I also called in a favor…quite literally…one of my prior account champions from a [very large health care provider] had a few minutes to talk with Eric the CEO about my involvement in a $1.3M deal. At the beginning of the interview, I asked if he would welcome a quick call considering his schedule was short, and surprisingly his response was positive and a bit pleasantly surprised too. Afterwards over text, my thanks to this champ resulted in them asking for an intro because…unsurprisingly…as it turns out, that big large company also sees secrets sprawl as a huge potential problem area that needs to be addressed. So, maybe that’s Account #1 :D
My sense is that, even if we don’t work together, we can look at this as a good learning experience about how genuine and driven people think alike. I respect the thing they’ve built and will happily recommend it to folks along my way.
Secrets management in my own homelab
Well if I told you, it wouldn’t be a secret now would it?
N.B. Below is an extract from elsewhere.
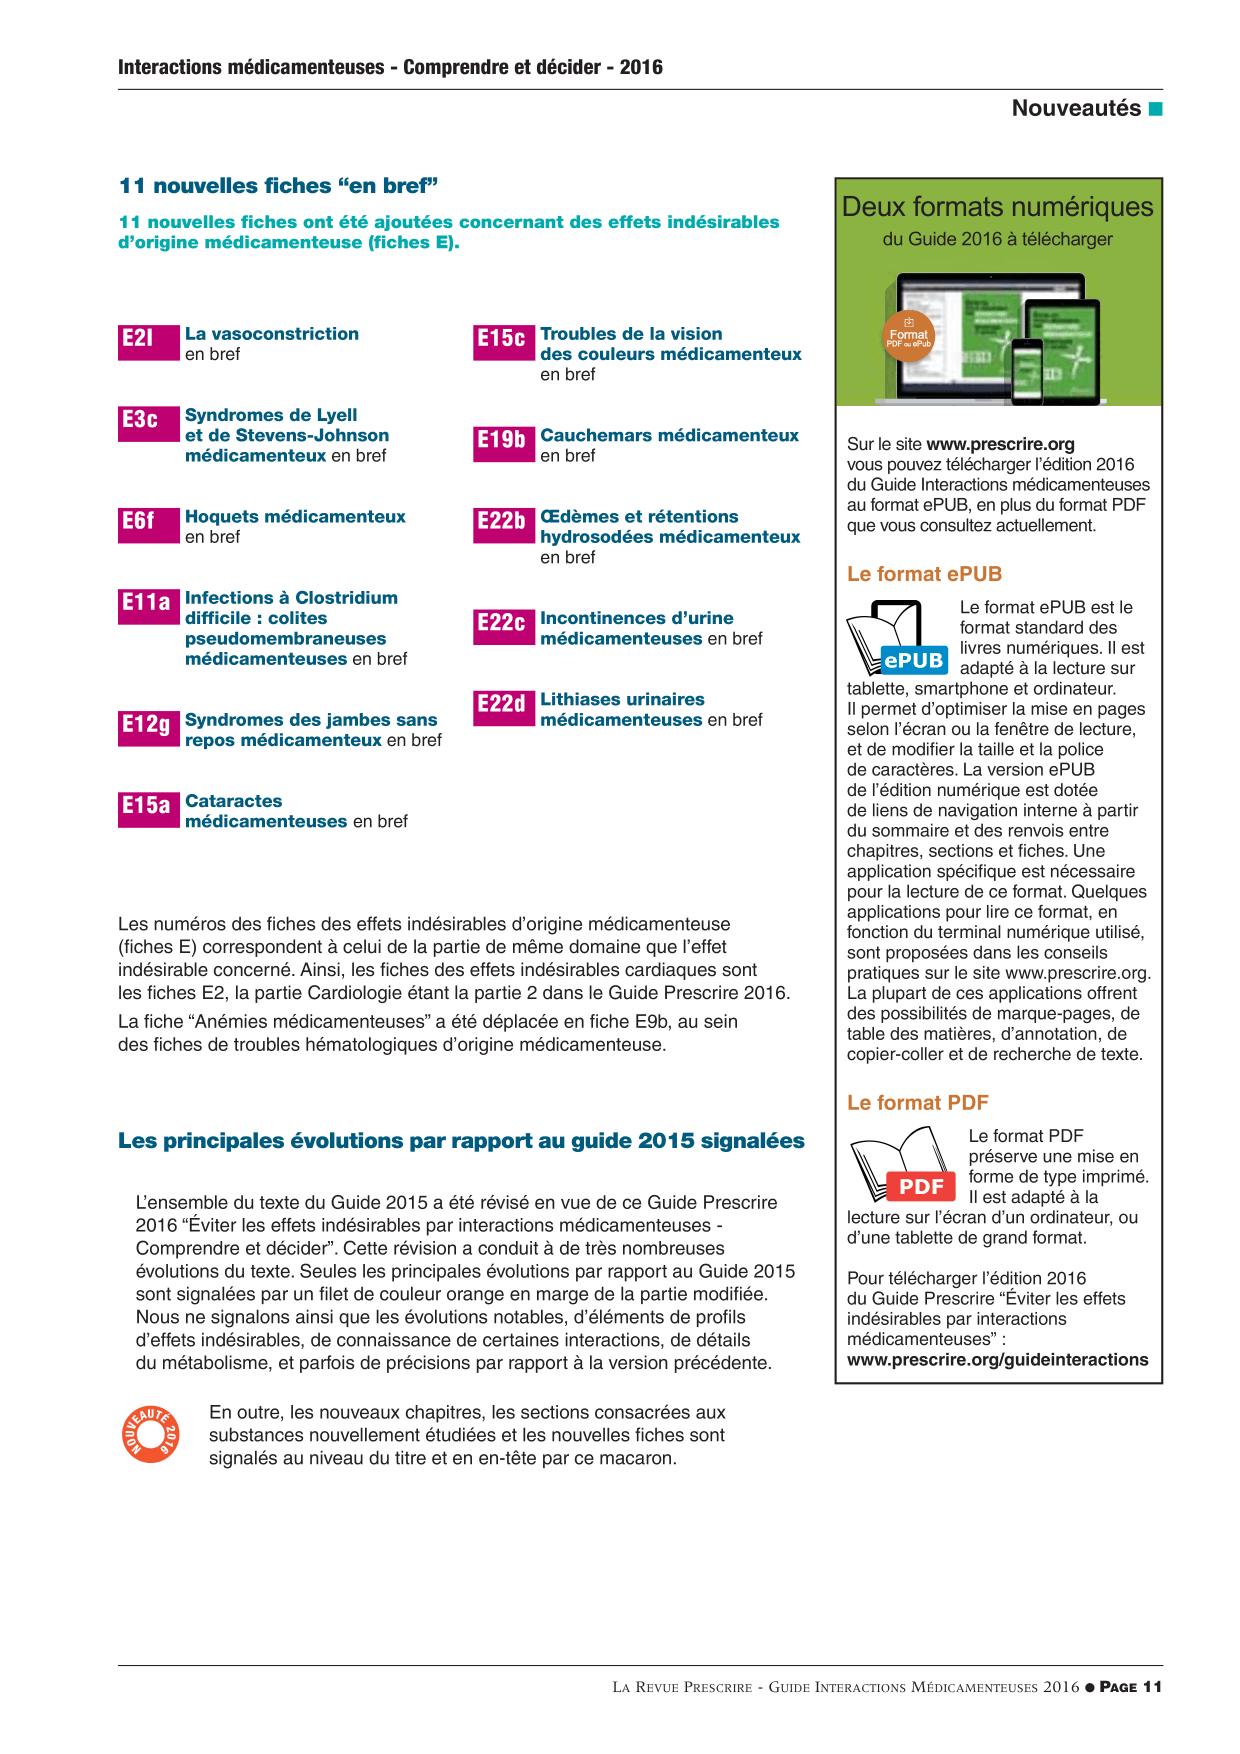 Ivermectin tablet usp 12 mg uses in hindi
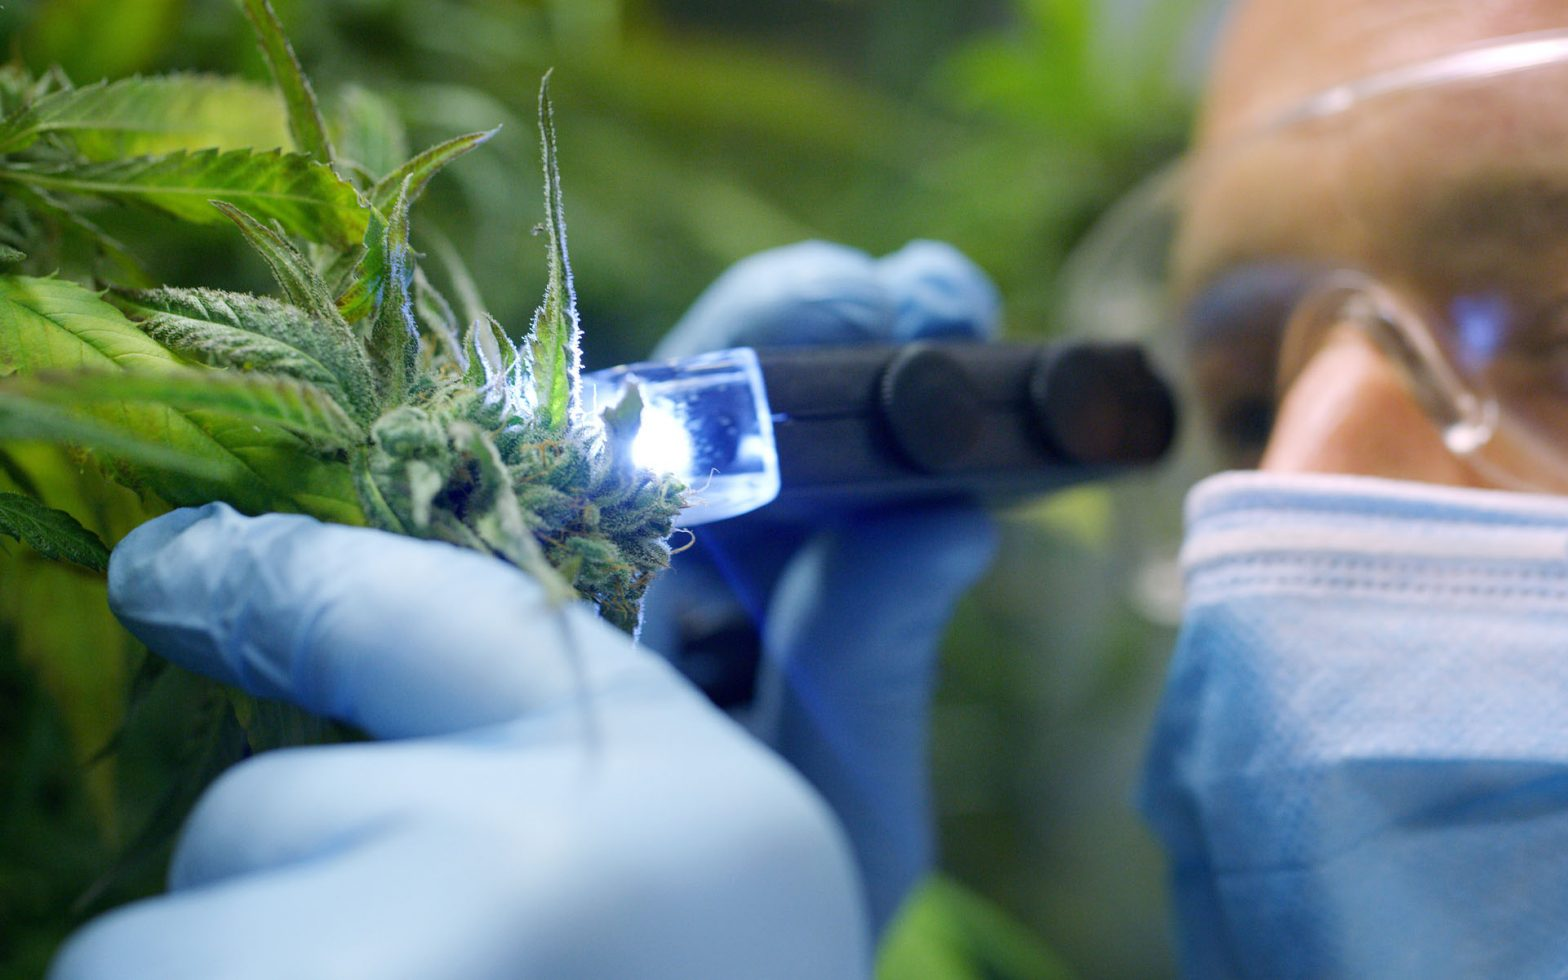 Reasons Why You Should Go For Full Spectrum CBD Botanical Blends

Just kidding, it’s a mixture of:
- For self-hosted password manager, I use
Bitwarden-> KeePass (has a mobile app) - For my Kubernetes stuff, OSS Vault (even though I dislike Hashicorp for their Terraform licensing tomfoolery of 2023) which I can get around with the OpenTofu provider
- Combination of Cosmian and cloud-provided KMS
- Minimization of secrets in environment variables, preferring to use my own wrapper framework which uses HVAC for Python projects
- Secrets expiration of 1 month on almost all stored values
- Scripts to automate the rotation of app secrets with interactive admin credentials
- Notes (private git, Obsidian) on how to rotate admin credentials not including the admin secrets
Obviously, this is overkill, right?
Nope. I like to know how things work, especially when it comes to personal digital security and privacy. Everything above is also represented in my data backup and recovery strategy. I also like to have multiple levels of use cases for disaster recovery that I can exercise on a semi-frequent basis.
For me, this is like mowing my yard…there’s a simple pleasure in curating and maintaining things that I know how they work. Like interviewing, it was nice to see a little bit into how a cool company works and take a solid crack at driving a job offer.